Persistent surveillance has been pegged as a crucial capability in current and future operations. Mind’s Eye is one of the Defense Advanced Research Projects Agency’s (DARPA’s) newest and most aggressive efforts to improve conditions for warfighters on the ground. The agency is working with the U.S. Army, industry and academia to create a way to educate video collection devices. Although existing cameras and sensors capture activity in an area, the mounds of visual data they collect are overwhelming to analysts and warfighters alike. Once visual intelligence is achieved, these information mountains will become actionable knowledge molehills that can be sent to commanders and perhaps directly to warfighters’ handheld computers in the field.

“We all know how rapidly our capacity to capture and stream video has grown, and we are frankly only at the beginning of this video and data explosion,” Lt. Col. James Donlon, USA, Mind’s Eye program manager, DARPA, Arlington, Virginia, explains. “A particular operational capability we are oriented on is to employ these new visual intelligence algorithms on manportable UGVs [unmanned ground vehicles]. What is important to recognize here is that the intent is not to take the human out of the loop, but rather to give warfighters better capabilities on the platforms of the future to make operations more effective.”

The Broad Area Announcement (BAA) distinguishes machine-based visual intelligence with its focus on recognizing and reasoning with action as well as objects in video. The machines must be able to not only visualize and manipulate scenes but also use these concepts in an imaginative process. If the capability can mimic the human mind exactly, platforms equipped with it will be able to do much more than sound an alarm when they see a familiar pattern. They will anticipate what might happen next, imagine alternative futures, fill in gaps in its knowledge or perceptual experience, and notice when an activity does not fit the norm, Col. Donlon relates.

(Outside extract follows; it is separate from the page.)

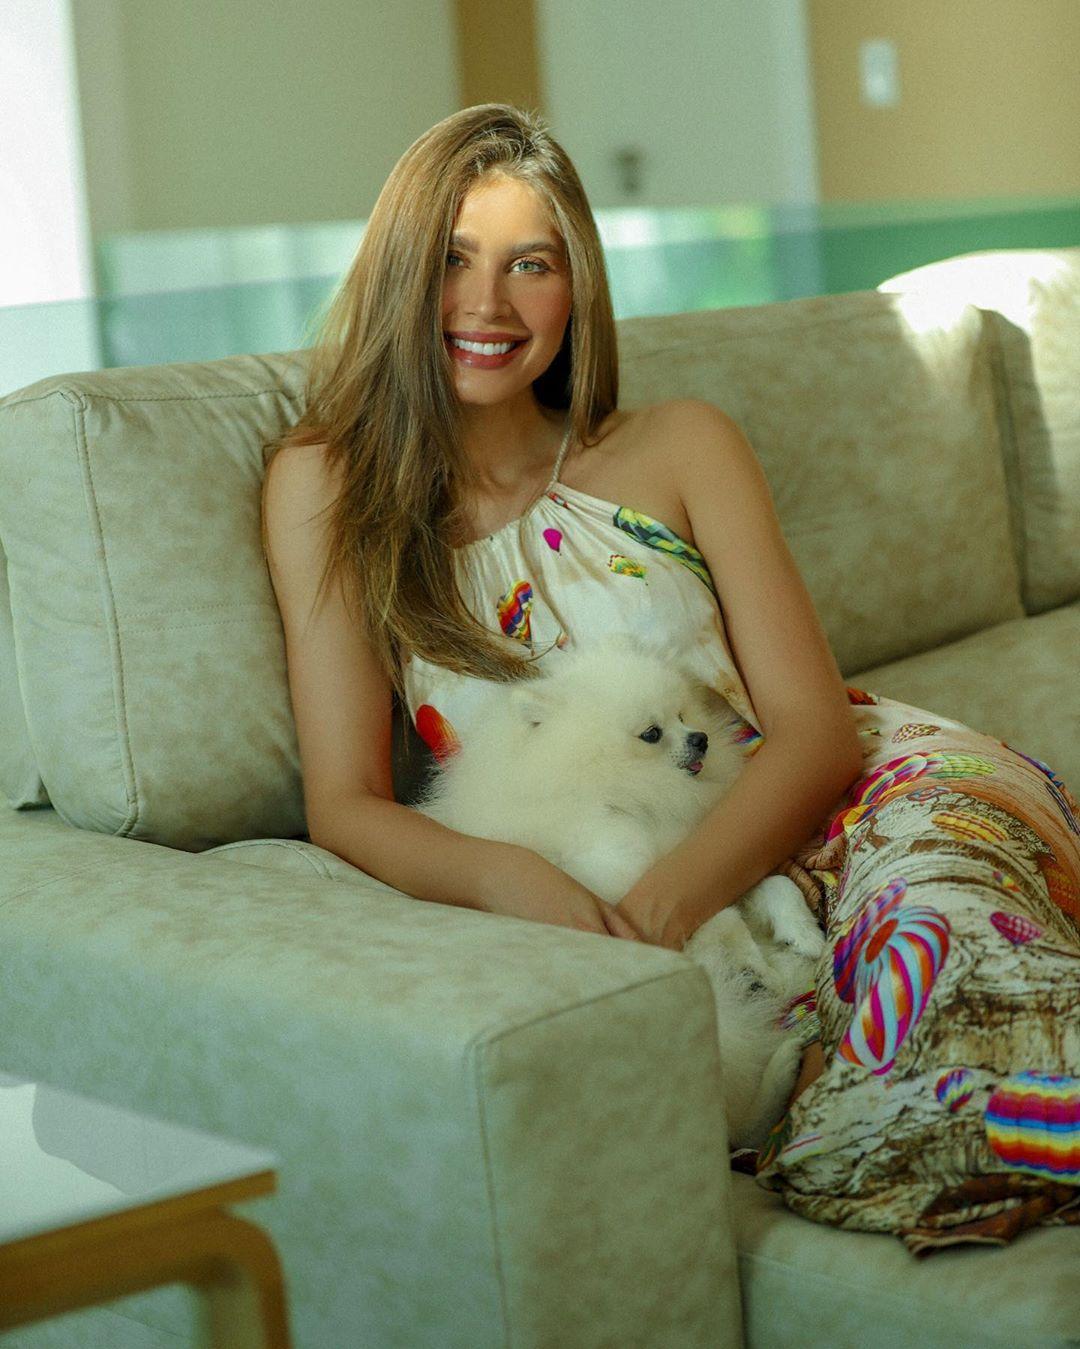 gabriele marinho, miss teen world 2012/top 5 de miss brasil mundo 2013/top 5 de miss brasil universo 2016. - Página 2 99042510

The Mind’s Eye program focuses on creating the ability to discern 48 verbs. Among these action words are common terms such as approach, give, follow, dig and bury. The systems must be able to distinguish among the different meanings of the verbs. For example, a person can “give” a speech or “give” someone a package.

  Once this capability is achieved, the “smart camera” could be mounted on a pole or in a UGV to assess situations in the same way that human scouts do today; this takes humans out of harm’s way. For example, when a group of men are observed exiting a truck, digging a hole, placing something in it and driving away, a platform with a visual intelligence system would recognize this as a potential danger and alert the proper authorities. To reach this conclusion, the system must be able to recognize each of the actions as they relate to one another.

Accomplishing this level of visual intelligence involves the ability to perform four tasks. In a given video, the integrated visual intelligent systems must recognize an action and judge whether or not one or more verbs is present or absent according to human semantic categories. The systems will be expected to produce one or more sentences that describe a short video suitable for the human-machine communication needed to task systems and report to humans. They must be able to resolve spatiotemporal gaps in video, suggest what might have come before the action occurred or predict what will happen next. Finally, these systems will be expected to learn what is normal in longer-duration videos and detect anomalous events over the course of that input.

The program began in September 2010, and 15 research teams called principal investigators (PIs) were awarded funding in January 2011. Twelve of the research teams include government, commercial and academic organizations that are developing fundamental machine-based visual intelligence for a camera. They will create a software subsystem integrating current state-of-the-art computer vision and artificial intelligence and add their own knowledge in the areas of visual event learning, spatiotemporal representations, machine-generated envisioning and visual inspection and concepts. Three companies—General Dynamics Robotic Systems, iRobot and Toyon Research Corporation—are collaborating to design the architectures to incorporate this visual intelligence software into a camera to be placed in a manportable UGV.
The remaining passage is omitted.